#### Information supplied:
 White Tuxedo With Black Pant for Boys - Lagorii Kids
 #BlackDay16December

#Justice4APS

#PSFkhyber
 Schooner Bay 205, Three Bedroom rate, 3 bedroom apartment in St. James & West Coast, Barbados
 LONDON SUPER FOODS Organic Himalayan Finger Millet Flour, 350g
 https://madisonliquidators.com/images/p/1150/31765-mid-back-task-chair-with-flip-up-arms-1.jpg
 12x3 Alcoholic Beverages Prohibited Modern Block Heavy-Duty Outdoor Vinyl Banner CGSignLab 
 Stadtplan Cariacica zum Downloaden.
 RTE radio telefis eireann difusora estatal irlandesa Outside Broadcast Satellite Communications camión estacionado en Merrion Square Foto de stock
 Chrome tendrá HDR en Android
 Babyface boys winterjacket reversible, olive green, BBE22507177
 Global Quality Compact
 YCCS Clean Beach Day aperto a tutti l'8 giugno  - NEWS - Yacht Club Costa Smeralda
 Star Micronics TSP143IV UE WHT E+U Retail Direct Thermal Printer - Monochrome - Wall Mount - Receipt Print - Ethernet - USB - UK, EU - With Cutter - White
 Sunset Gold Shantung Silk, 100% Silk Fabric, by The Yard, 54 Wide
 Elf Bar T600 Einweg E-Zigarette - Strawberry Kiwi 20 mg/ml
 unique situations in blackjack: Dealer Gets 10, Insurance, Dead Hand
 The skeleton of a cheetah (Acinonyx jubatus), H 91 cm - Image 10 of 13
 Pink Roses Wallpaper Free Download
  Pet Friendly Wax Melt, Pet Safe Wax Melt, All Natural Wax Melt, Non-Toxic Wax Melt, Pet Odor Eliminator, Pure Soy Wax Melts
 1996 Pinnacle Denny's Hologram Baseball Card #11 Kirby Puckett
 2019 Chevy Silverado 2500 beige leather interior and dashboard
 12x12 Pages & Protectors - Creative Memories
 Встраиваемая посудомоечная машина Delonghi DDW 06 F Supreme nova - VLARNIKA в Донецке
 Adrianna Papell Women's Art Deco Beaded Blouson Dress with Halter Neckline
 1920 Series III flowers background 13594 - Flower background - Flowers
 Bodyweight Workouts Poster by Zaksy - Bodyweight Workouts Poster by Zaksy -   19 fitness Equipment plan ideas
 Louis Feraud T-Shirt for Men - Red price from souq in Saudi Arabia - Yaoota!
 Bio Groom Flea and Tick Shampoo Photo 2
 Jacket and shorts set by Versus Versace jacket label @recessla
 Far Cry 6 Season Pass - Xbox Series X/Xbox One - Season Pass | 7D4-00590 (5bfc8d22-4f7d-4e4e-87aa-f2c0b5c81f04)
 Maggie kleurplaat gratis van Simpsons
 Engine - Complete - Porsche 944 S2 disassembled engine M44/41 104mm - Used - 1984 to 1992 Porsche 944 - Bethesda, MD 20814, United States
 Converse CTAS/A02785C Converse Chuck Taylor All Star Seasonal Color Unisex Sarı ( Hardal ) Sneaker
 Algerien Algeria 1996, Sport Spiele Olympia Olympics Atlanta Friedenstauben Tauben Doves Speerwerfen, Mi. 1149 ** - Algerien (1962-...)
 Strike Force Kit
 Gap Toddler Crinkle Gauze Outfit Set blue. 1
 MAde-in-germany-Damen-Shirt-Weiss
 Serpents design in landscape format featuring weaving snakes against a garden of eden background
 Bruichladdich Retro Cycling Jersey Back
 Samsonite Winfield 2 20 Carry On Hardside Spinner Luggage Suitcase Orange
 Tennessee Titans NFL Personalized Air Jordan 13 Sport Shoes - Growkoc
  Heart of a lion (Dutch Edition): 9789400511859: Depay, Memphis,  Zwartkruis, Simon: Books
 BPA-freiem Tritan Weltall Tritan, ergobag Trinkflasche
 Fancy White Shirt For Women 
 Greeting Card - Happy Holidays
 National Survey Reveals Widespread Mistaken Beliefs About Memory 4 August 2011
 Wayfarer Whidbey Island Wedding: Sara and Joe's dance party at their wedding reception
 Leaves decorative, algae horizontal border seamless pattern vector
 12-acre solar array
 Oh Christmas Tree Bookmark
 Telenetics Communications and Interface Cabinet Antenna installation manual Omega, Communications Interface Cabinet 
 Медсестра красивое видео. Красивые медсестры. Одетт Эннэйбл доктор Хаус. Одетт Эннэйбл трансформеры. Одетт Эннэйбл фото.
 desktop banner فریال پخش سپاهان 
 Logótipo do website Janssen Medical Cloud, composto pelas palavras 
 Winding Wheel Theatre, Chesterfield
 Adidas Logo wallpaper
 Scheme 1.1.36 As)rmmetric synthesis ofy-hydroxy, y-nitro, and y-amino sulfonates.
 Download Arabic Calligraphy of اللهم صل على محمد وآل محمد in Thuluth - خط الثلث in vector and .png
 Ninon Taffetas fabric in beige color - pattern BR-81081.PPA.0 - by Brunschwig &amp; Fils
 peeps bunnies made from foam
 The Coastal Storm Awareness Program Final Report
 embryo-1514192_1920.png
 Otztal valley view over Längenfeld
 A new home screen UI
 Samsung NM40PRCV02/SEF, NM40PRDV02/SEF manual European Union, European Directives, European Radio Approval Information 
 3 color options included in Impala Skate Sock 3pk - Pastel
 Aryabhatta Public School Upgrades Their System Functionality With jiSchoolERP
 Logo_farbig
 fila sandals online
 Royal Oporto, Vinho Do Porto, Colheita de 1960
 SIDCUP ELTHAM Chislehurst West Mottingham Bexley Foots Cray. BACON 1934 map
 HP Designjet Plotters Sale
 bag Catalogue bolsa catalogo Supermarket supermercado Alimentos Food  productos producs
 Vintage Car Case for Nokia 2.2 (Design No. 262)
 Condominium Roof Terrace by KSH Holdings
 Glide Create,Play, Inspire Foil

#### Exercise instructions:
What lines of the data contain the string "Star"? List them.

#### Result for this task:
 Star Micronics TSP143IV UE WHT E+U Retail Direct Thermal Printer - Monochrome - Wall Mount - Receipt Print - Ethernet - USB - UK, EU - With Cutter - White
 Converse CTAS/A02785C Converse Chuck Taylor All Star Seasonal Color Unisex Sarı ( Hardal ) Sneaker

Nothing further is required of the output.